Recent

Author Topic: Clean an email address?  (Read 4944 times)

KarenT

  • Full Member
  • ***
  • Posts: 120
Clean an email address?
« on: June 11, 2018, 08:05:23 pm »
Hello,

I need to clean incoming email addresses. Can someone please point me at some code snippets?
All I want is the actual address. e.g.

something@somewhere.com

Reading the RFC and searching on-line an email address can be quite a mess.
See here for starters, page-down x 2:
https://haacked.com/archive/2007/08/21/i-knew-how-to-validate-an-email-address-until-i.aspx/

But I have seen
DesignSpark <designspark@news.rs-online.com> Using nlserver, Build 6.1.1.8705
"B&H Photo" <ord-status@bhphotovideo.com> Using MIME::Lite 3.01 (E2.72; F4.60; Q2.21; G4.21)

It gets complicated fast.

dsiders

  • Hero Member
  • *****
  • Posts: 1052
Re: Clean an email address?
« Reply #1 on: June 11, 2018, 09:24:04 pm »
Hello,

I need to clean incoming email addresses. Can someone please point me at some code snippets?
All I want is the actual address. e.g.

something@somewhere.com

Reading the RFC and searching on-line an email address can be quite a mess.
See here for starters, page-down x 2:
https://haacked.com/archive/2007/08/21/i-knew-how-to-validate-an-email-address-until-i.aspx/

But I have seen
DesignSpark <designspark@news.rs-online.com> Using nlserver, Build 6.1.1.8705
"B&H Photo" <ord-status@bhphotovideo.com> Using MIME::Lite 3.01 (E2.72; F4.60; Q2.21; G4.21)

It gets complicated fast.

I know Indy10 has the TIdEMailAddressItem and TIdEMailAddressList classes to help with the process (lib/Protocols/IdEmailAddress.pas). If nothing else, look at the logic for TIdEMailAddressItem.SetText for the particulars.

Hope that helps.

Don
Preview Lazarus 3.99 documentation at: https://dsiders.gitlab.io/lazdocsnext

Zvoni

  • Hero Member
  • *****
  • Posts: 2319
Re: Clean an email address?
« Reply #2 on: June 12, 2018, 09:34:06 am »
I found it always helpful to think about a logic/algorithm how i would implement it myself, before using someone else's code.

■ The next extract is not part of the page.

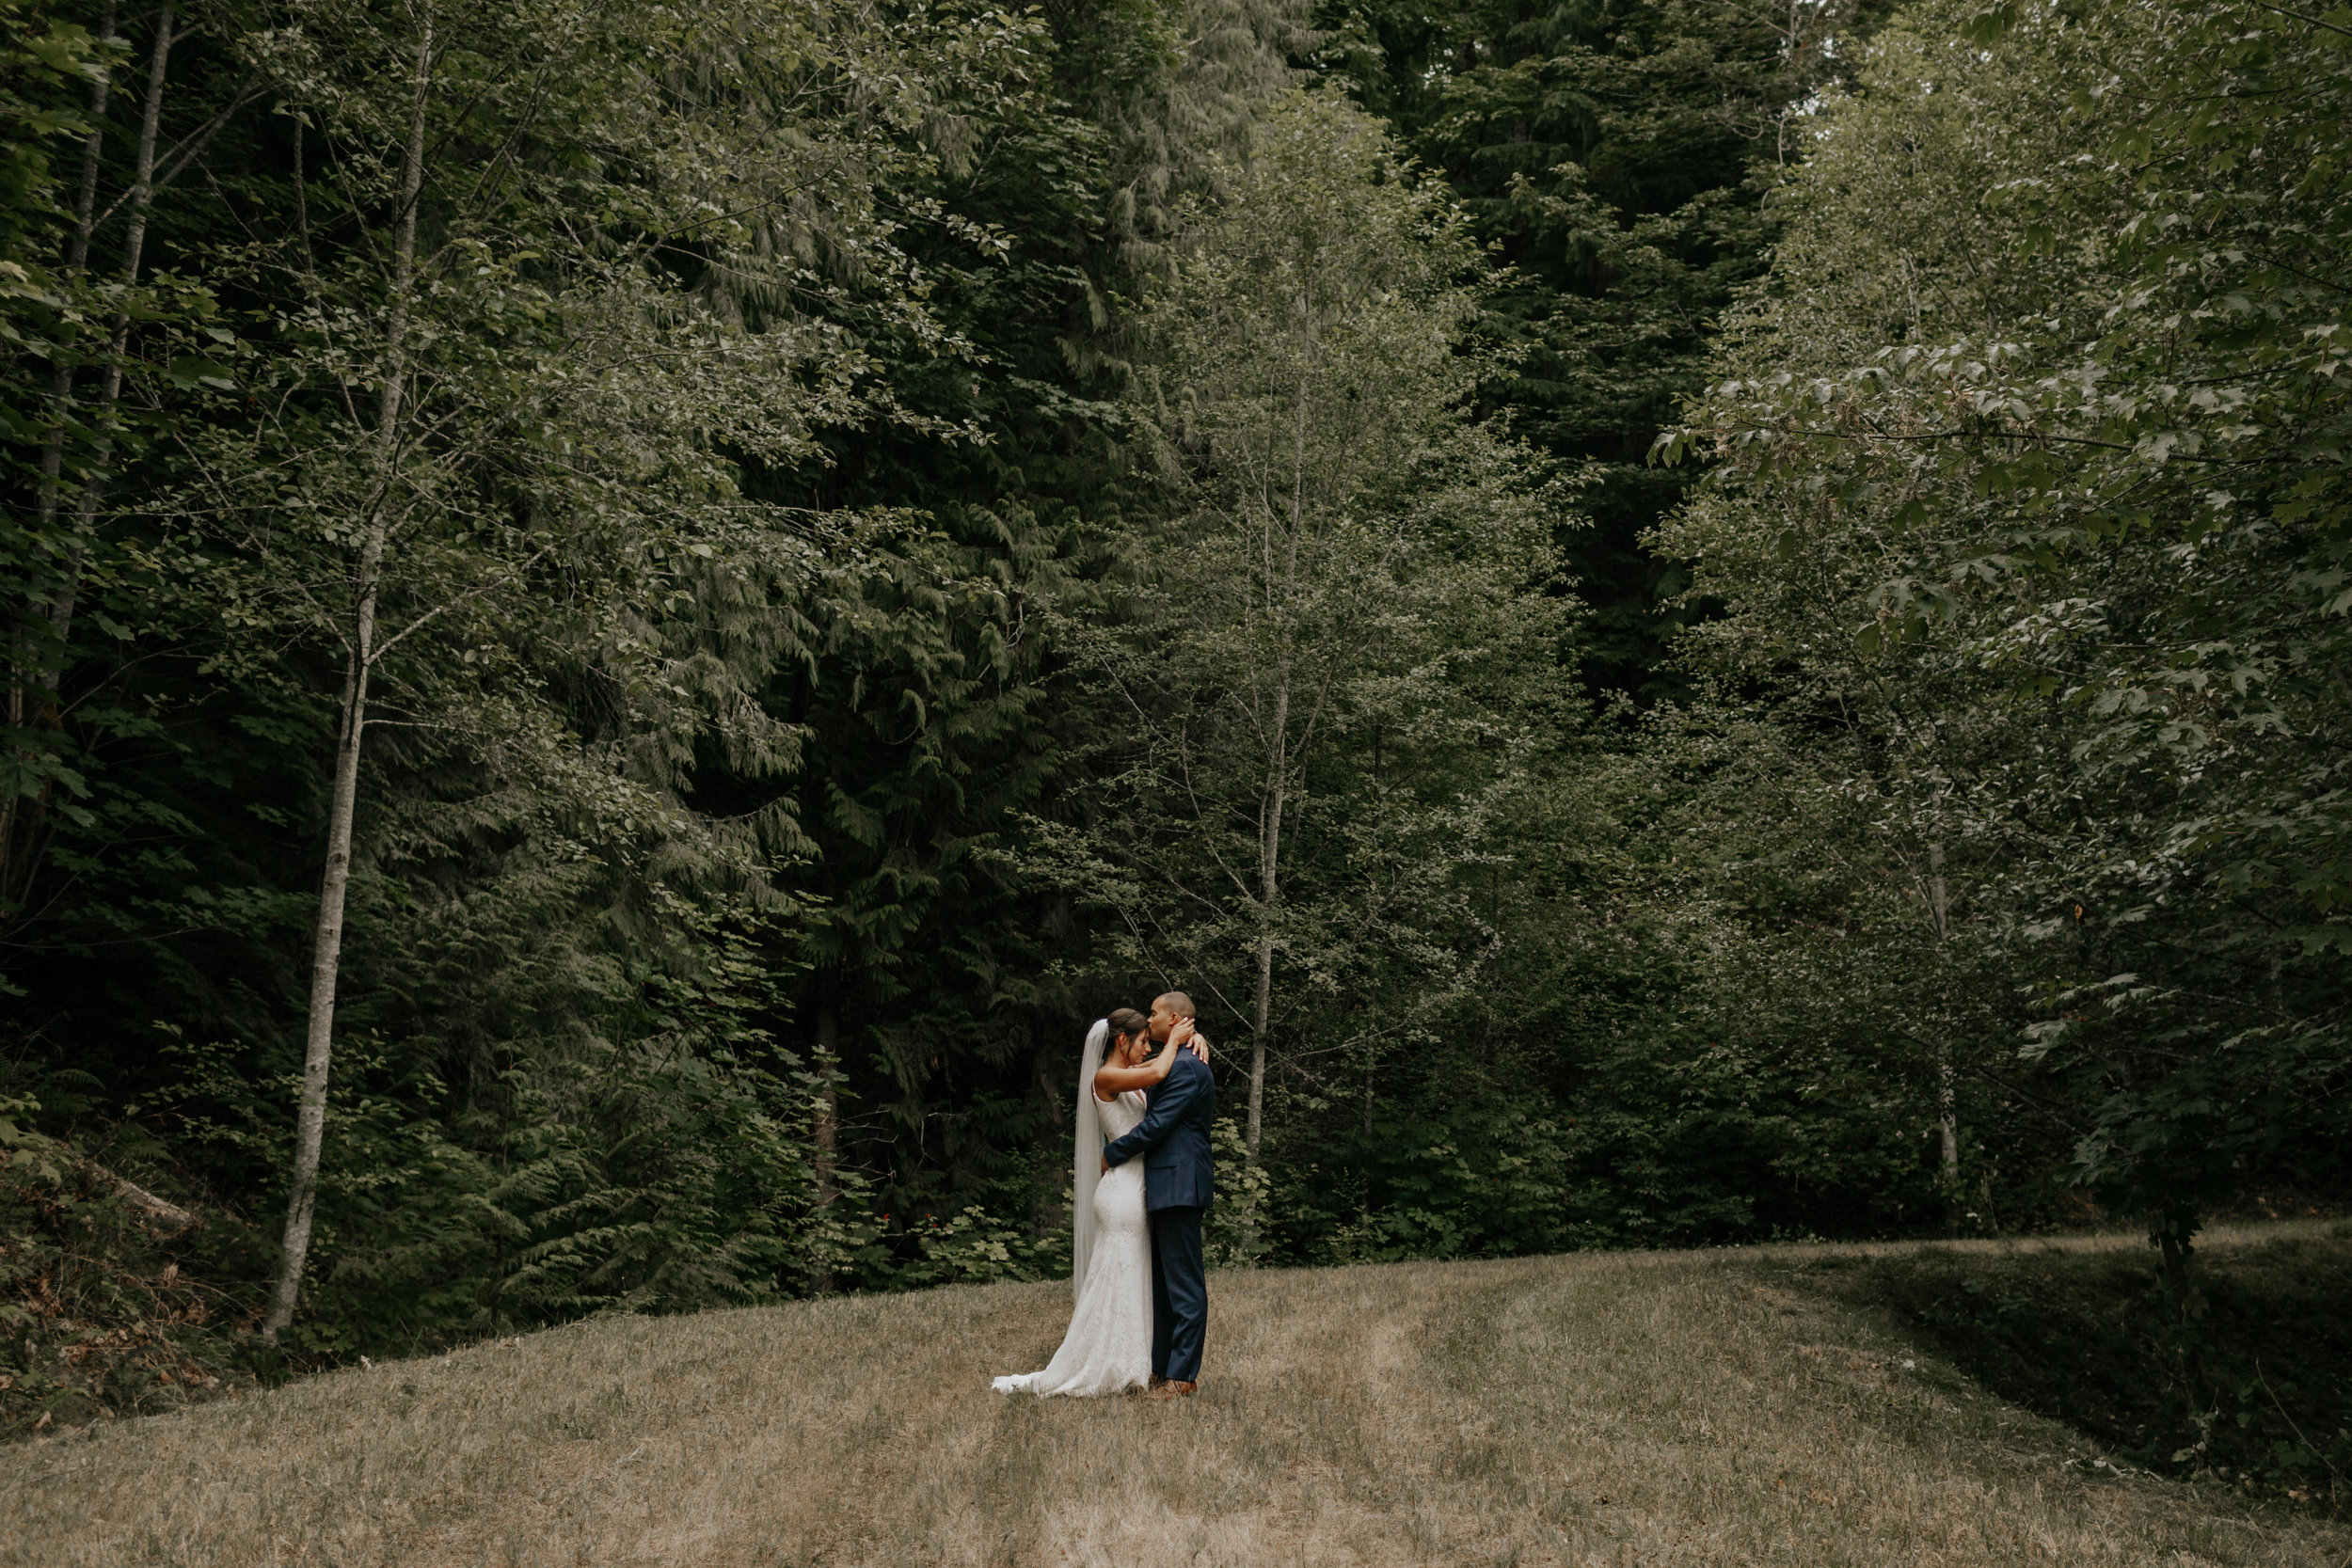 ginapaulson_aubreejeff_wedding-174.jpg
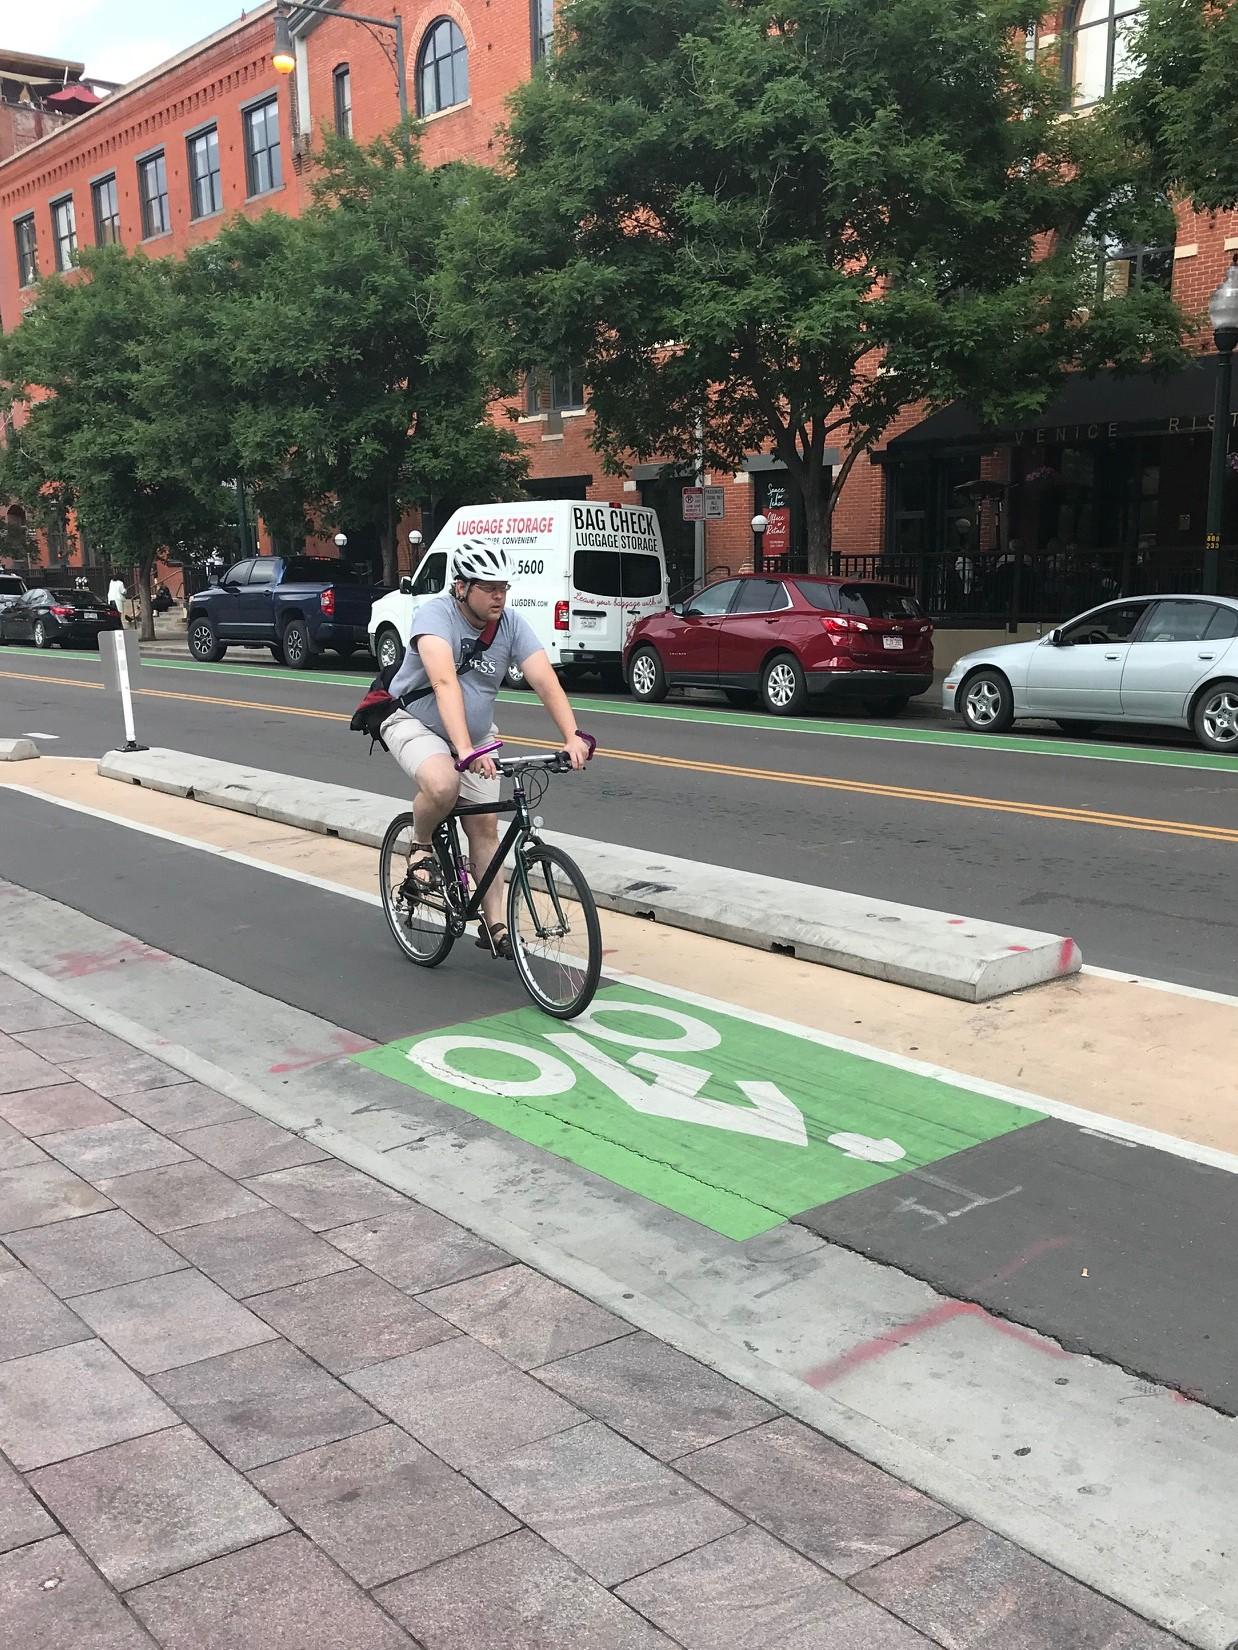 Denver has 130 miles of bike lanes

Get incoming string containing the email-address
parse the string looking for the "<"-character
from that position+1 parse the string further looking for the ">"-character.
now you've found your token containing the address
a further check if the token contains one (and only one) "@"-symbol by splitting the token along the @-character
the lower part is the name the upper part the domain
checking the domain if it at least contains one dot "."-character (2 or more if it's coming from subdomains (e.g. myname@sub.domain.com)

And what do you know?
I've written such a splitfunction as an excercise to get familiar with Pascal.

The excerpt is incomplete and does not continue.